• **YOUR TASK**
When you reach the line containing "Queensway Nursery & Preschool" in the entries below, start writing out each line exactly, and stop after the line containing "Hafen Segelreisen mit Sporedo".

• **AVAILABLE RECORDS**
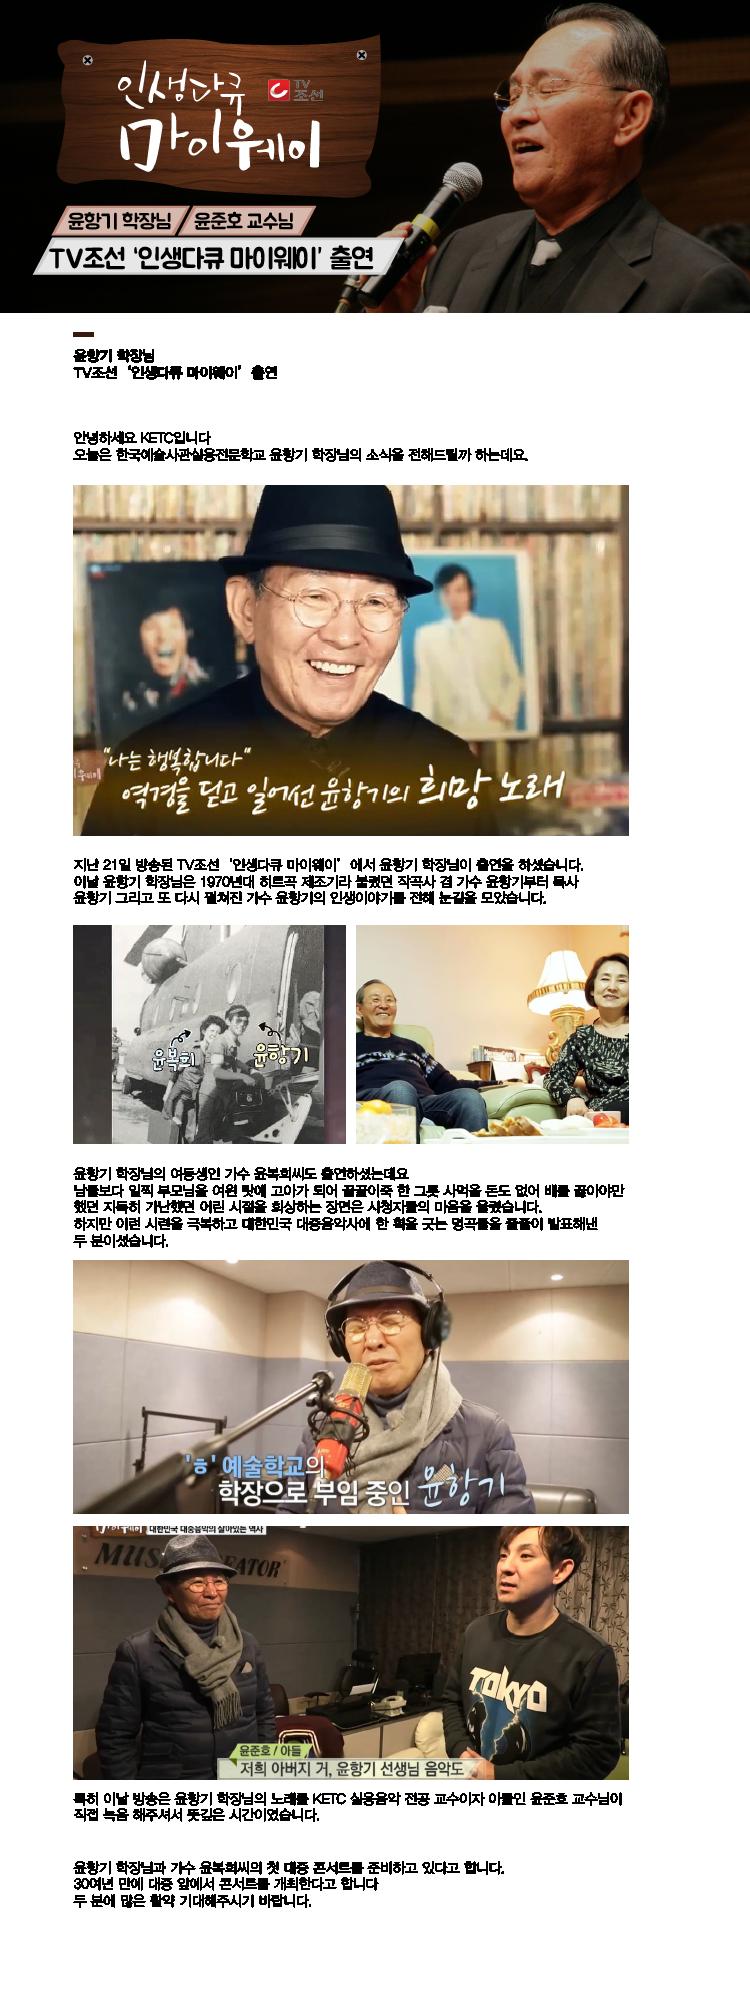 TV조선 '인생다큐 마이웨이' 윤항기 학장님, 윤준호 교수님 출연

--

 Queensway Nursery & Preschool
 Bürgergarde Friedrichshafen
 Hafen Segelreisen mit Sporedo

• **SOLUTION FOR THIS EXERCISE**
 Queensway Nursery & Preschool
 Bürgergarde Friedrichshafen
 Hafen Segelreisen mit Sporedo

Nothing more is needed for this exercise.